- TASK TO COMPLETE: Go through the data and copy every line exactly, but not the images.

- SUPPLIED DATA:

+++

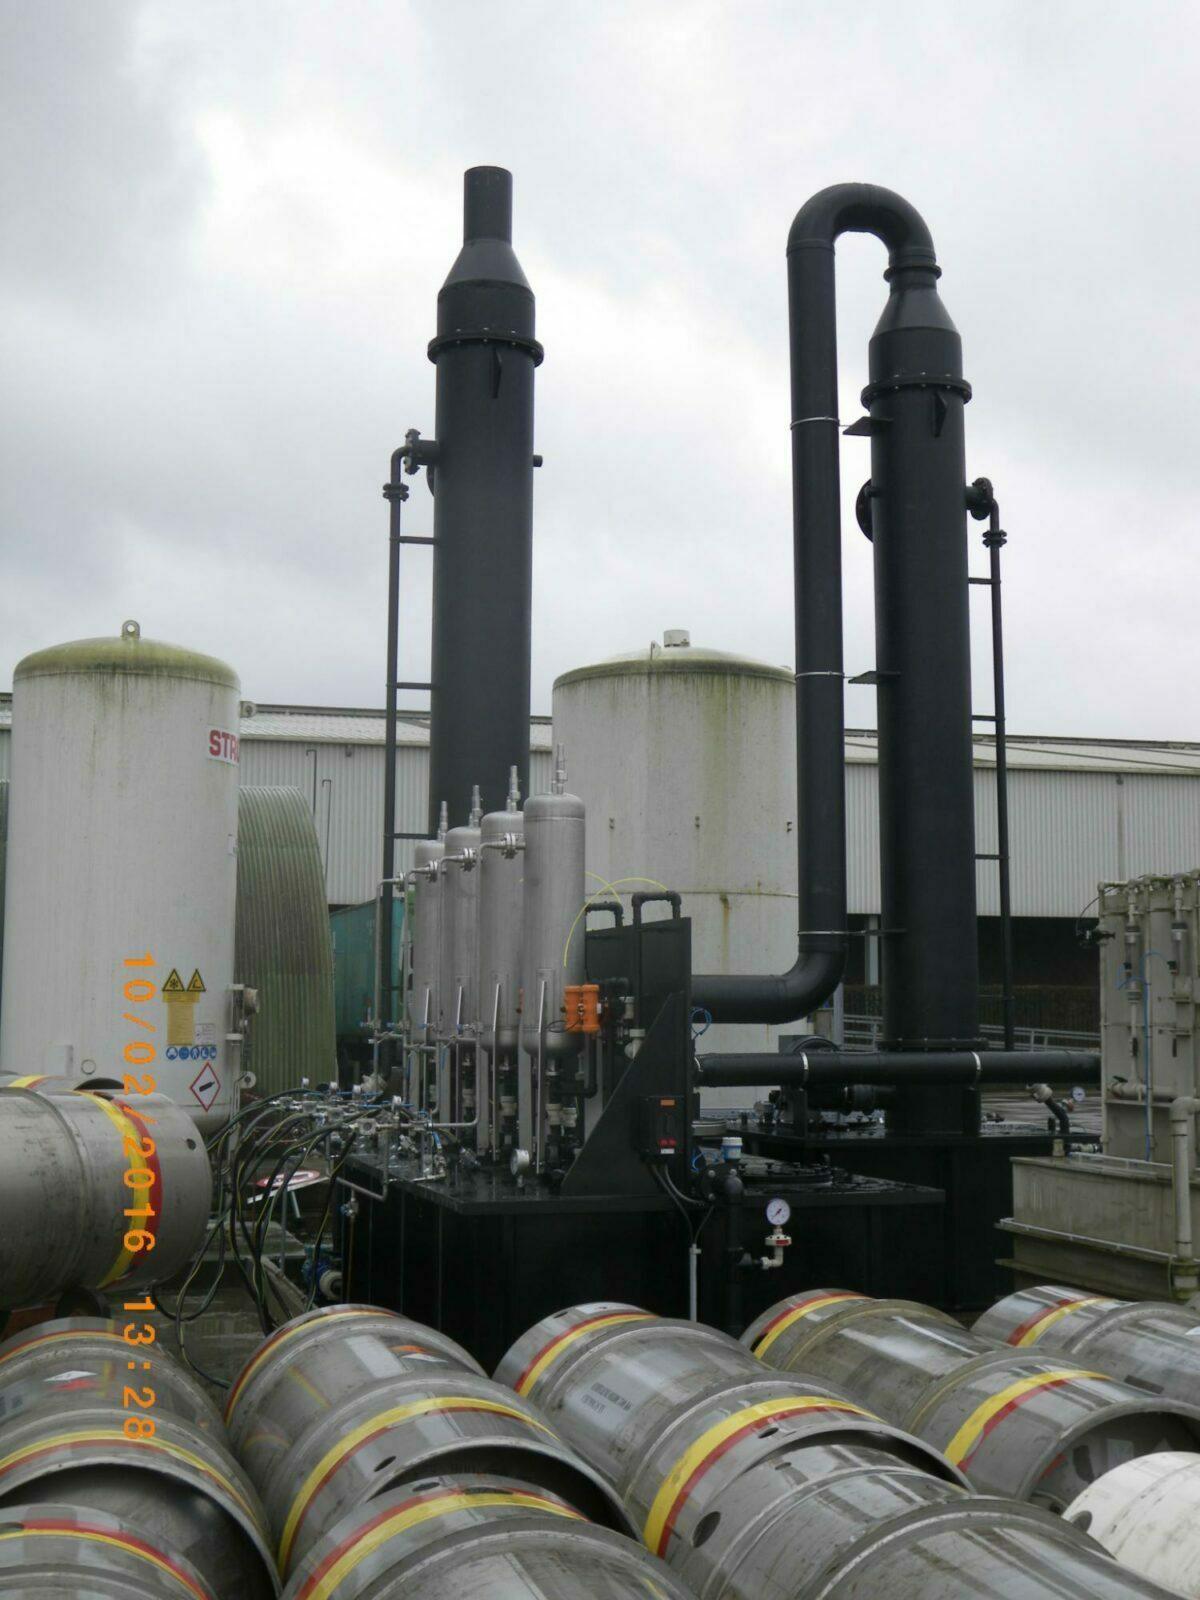 Gaswasser chemogas
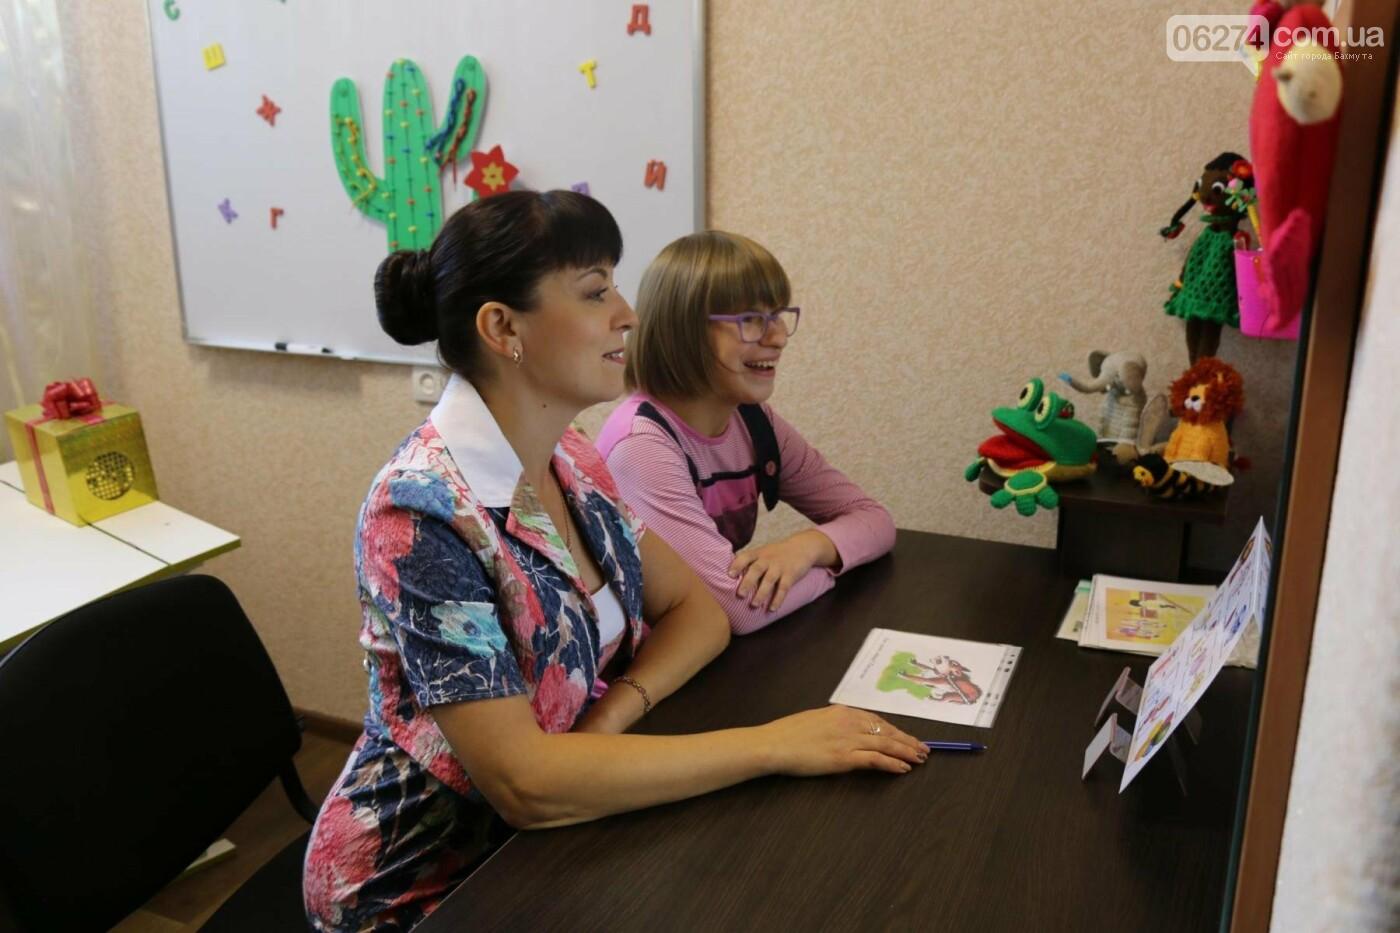 В Бахмуте открыт Инклюзивно-ресурсный центр для детей с особыми потребностями, фото-17
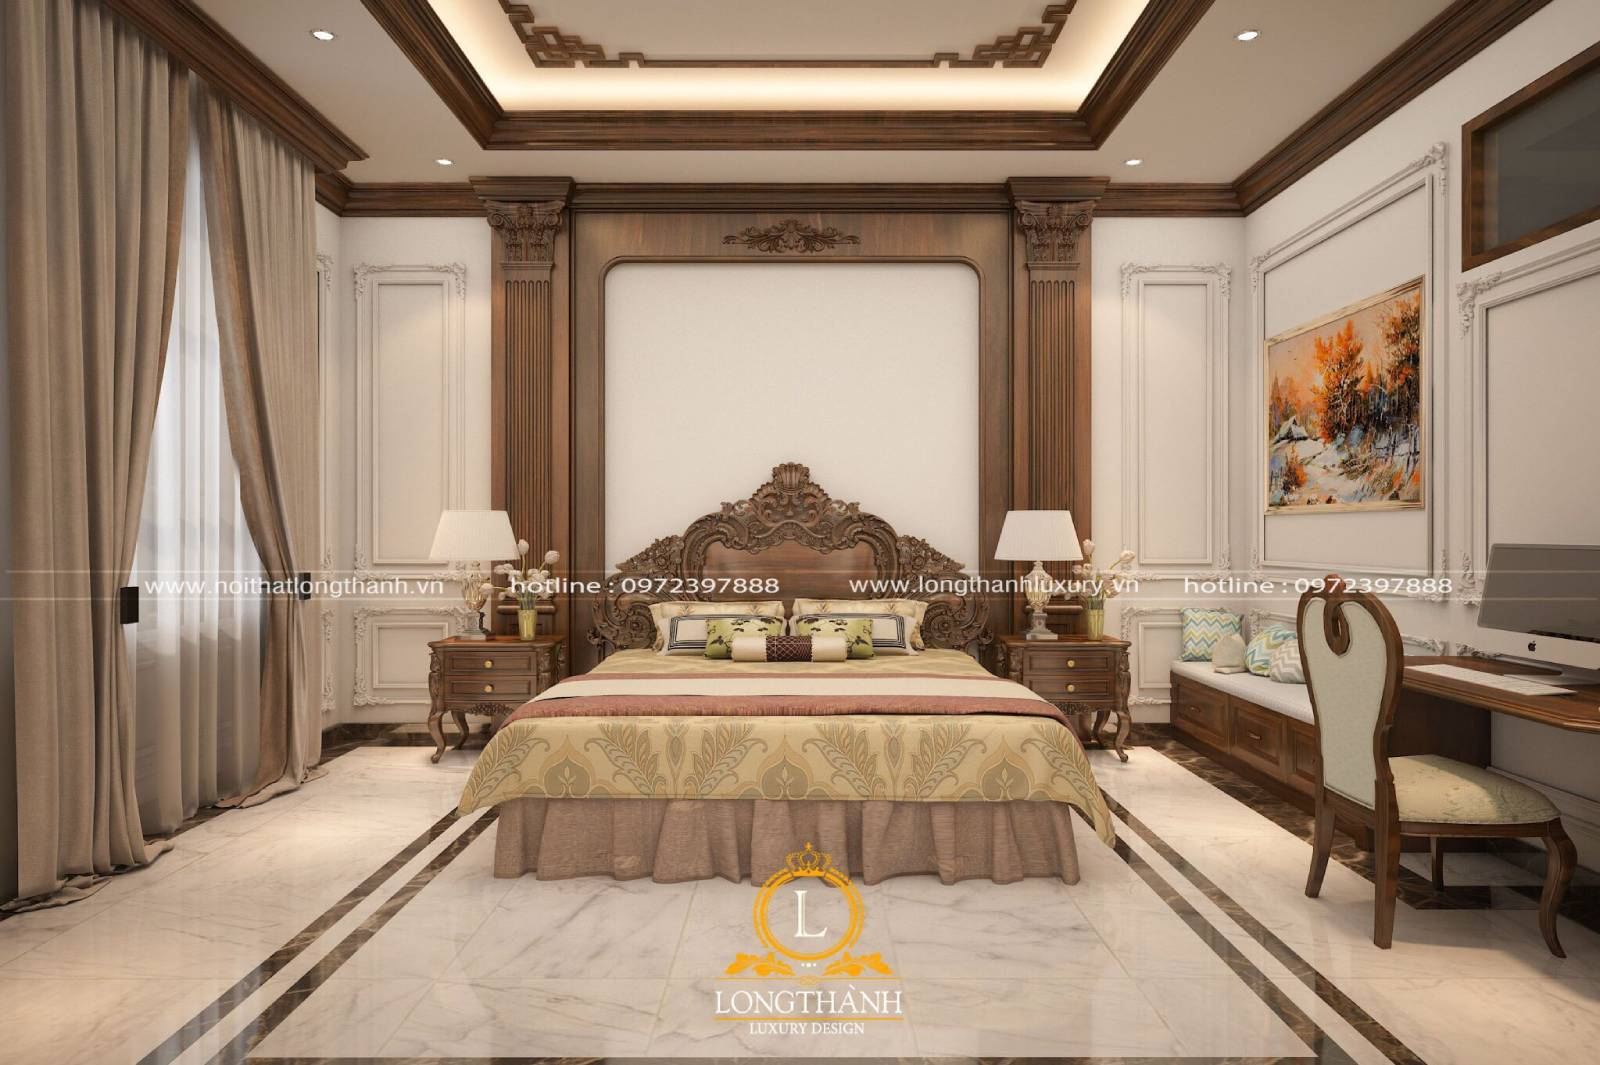 Không gian nào thích hợp nhất để sử dụng giường ngủ tân cổ điển

+++

- SOLUTION FOR THIS PROBLEM:
 Gaswasser chemogas
 В Бахмуте открыт Инклюзивно-ресурсный центр для детей с особыми потребностями, фото-17
 Không gian nào thích hợp nhất để sử dụng giường ngủ tân cổ điển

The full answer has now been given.